Our Agent is Receiving Closed Connections from the ZIS
There are many reasons that an agent may receive a closed connection when it tries to send a message to the ZIS. It is the responsibility of the agent to handle this condition properly which means to not simply resend the message immediately or change a few pieces of information in the message (like the MessageId) and resend it).
In these times where data centers face daily threats from those who would want to intrude, network devices and operating systems put in place systems to try to detect intruder's behavior and block their access. Agents that mishandle closed connection errors as described above end up resembling an intruder to the network or operating system and they protect their assets by continuing to close your connections, which continues the cycle.
How to Correctly Handle a Closed Connection
When your agent receives a closed connection, it will either get a "web exception" or a "runtime exception" (at least this is the terminology used by the .Net framework). With web exceptions, you get much more information about what could have happened:
|ConnectFailure||The remote service could not be contacted at the transport level.|
|ConnectionClosed||The connection was closed prematurely.|
|KeepAliveFailure||The server closed a connection made with the Keep-alive header set.|
|NameResolutionFailure||The name service could not resolve the host name.|
|ProtocolError||The response received from the server was complete but indicated an error at the protocol level.|
|ReceiveFailure||A complete response was not received from the remote server.|
|RequestCanceled||The request was canceled.|
|SecureChannelFailure||An error occurred in a secure channel link.|
|SendFailure||A complete request could not be sent to the remote server.|
|ServerProtocolViolation||The server response was not a valid HTTP response.|
|Success||No error was encountered.|
|Timeout||No response was received within the time-out set for the request.|
|TrustFailure||A server certificate could not be validated.|
|MessageLengthLimitExceeded||A message was received that exceeded the specified limit when sending a request or receiving a response from the server.|
|Pending||An internal asynchronous request is pending.|
|PipelineFailure||This value supports the .NET Framework infrastructure and is not intended to be used directly in your code.|
|ProxyNameResolutionFailure||The name resolver service could not resolve the proxy host name.|
|UnknownError||An exception of unknown type has occurred.|
In our agent, we catch web exceptions and sleep the agent before resending the message an amount of time relative to the type of error.
For example, if the returned value was "DNS Failure", it doesn't make sense to retry right away because a human needs to make a configuration change — so send a notification to an administrator and retry in 20 minutes.
If a "runtime error" was received, it is likely that the agent's own operating system is causing the failure.

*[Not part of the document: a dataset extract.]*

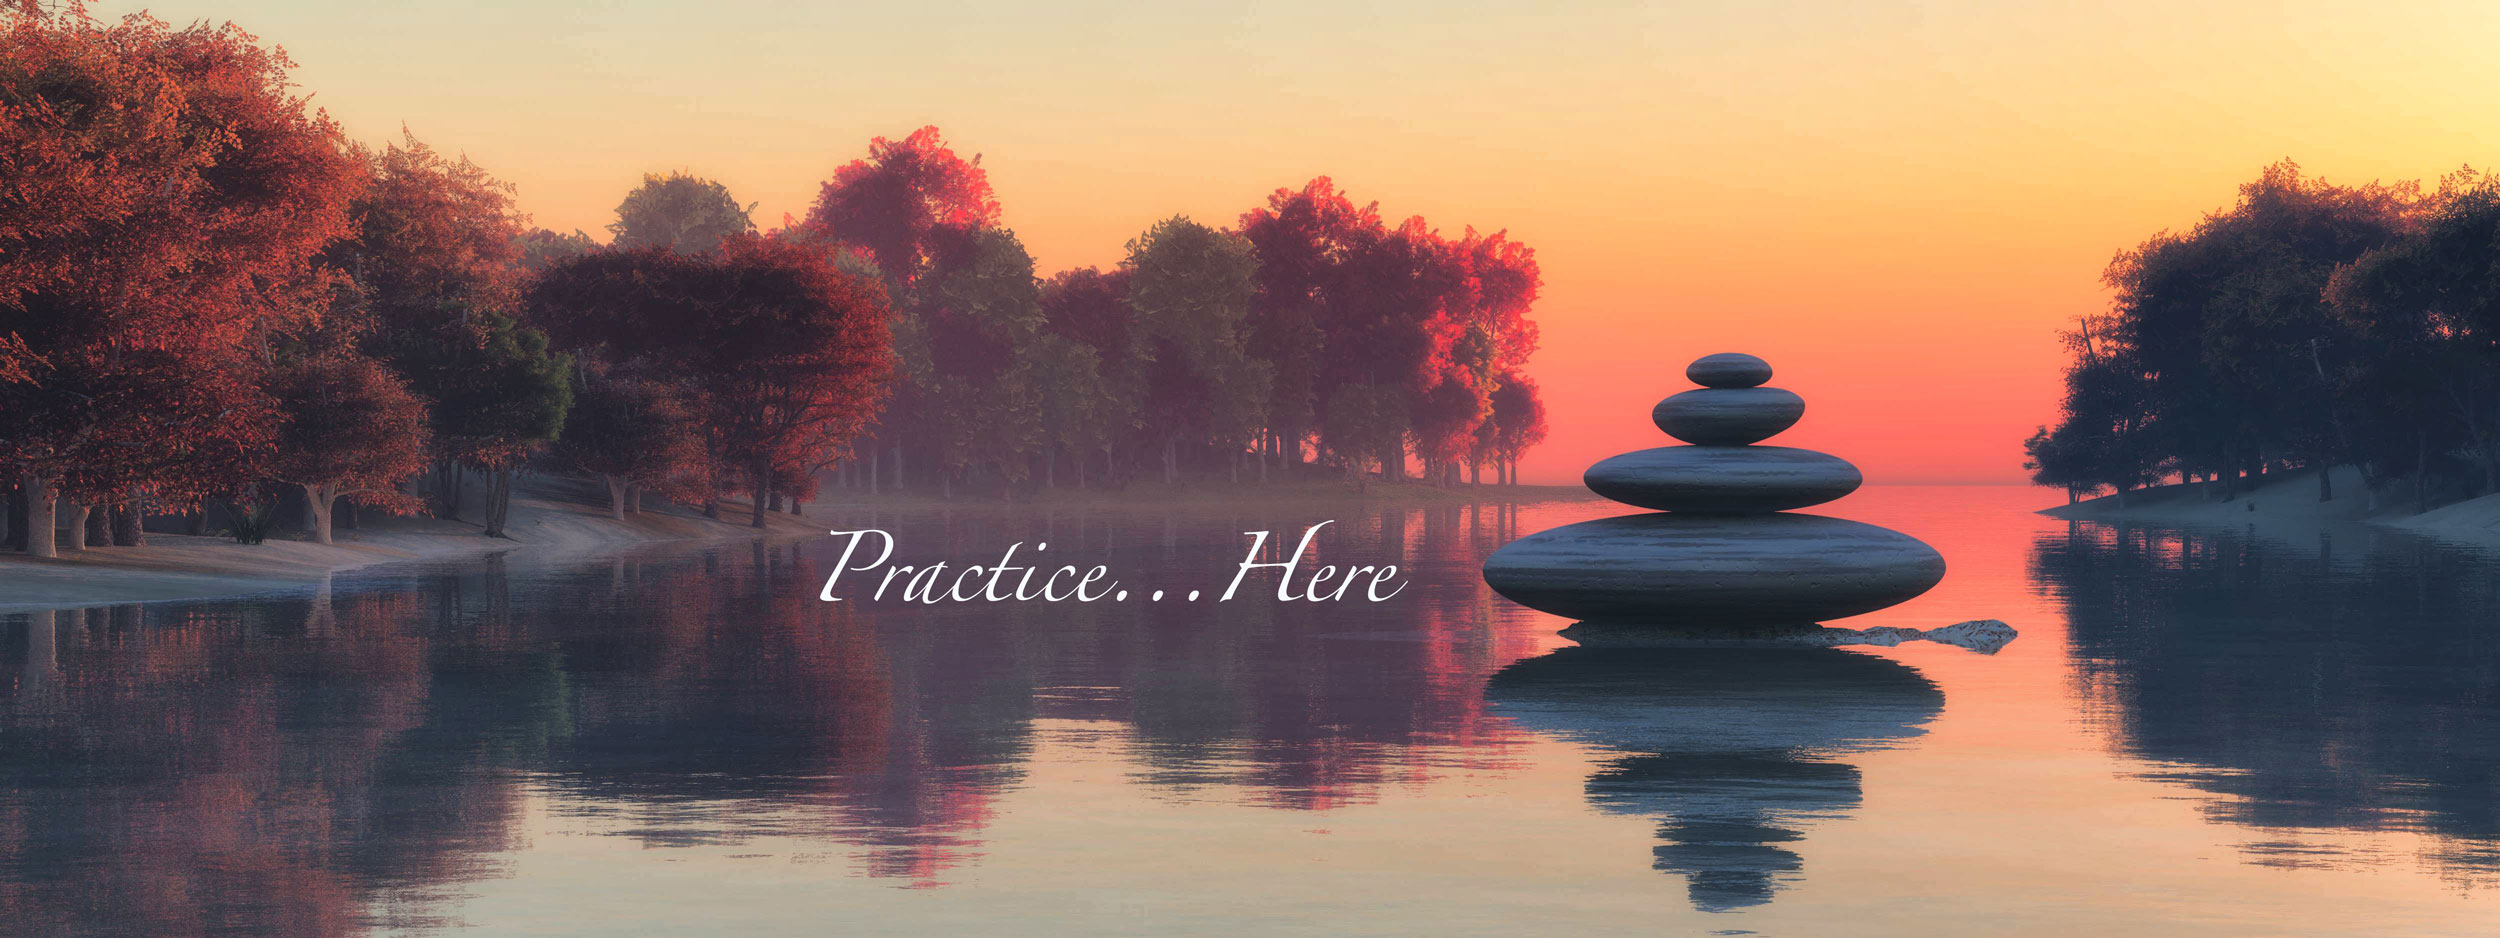 meditation service presence

This might mean that the message may have been sent already (and may have been processed by the ZIS) and that something local may need to be addressed.
In any event, the agent should at least wait for a short time (perhaps .2-.5 seconds) before attempting any retries. In our agent, we increase that retry interval on each retry attempt until it reaches some maximum (perhaps 1 hour). This is because after each failed retry, the likelihood of a success diminishes with each subsequent retry at the same interval.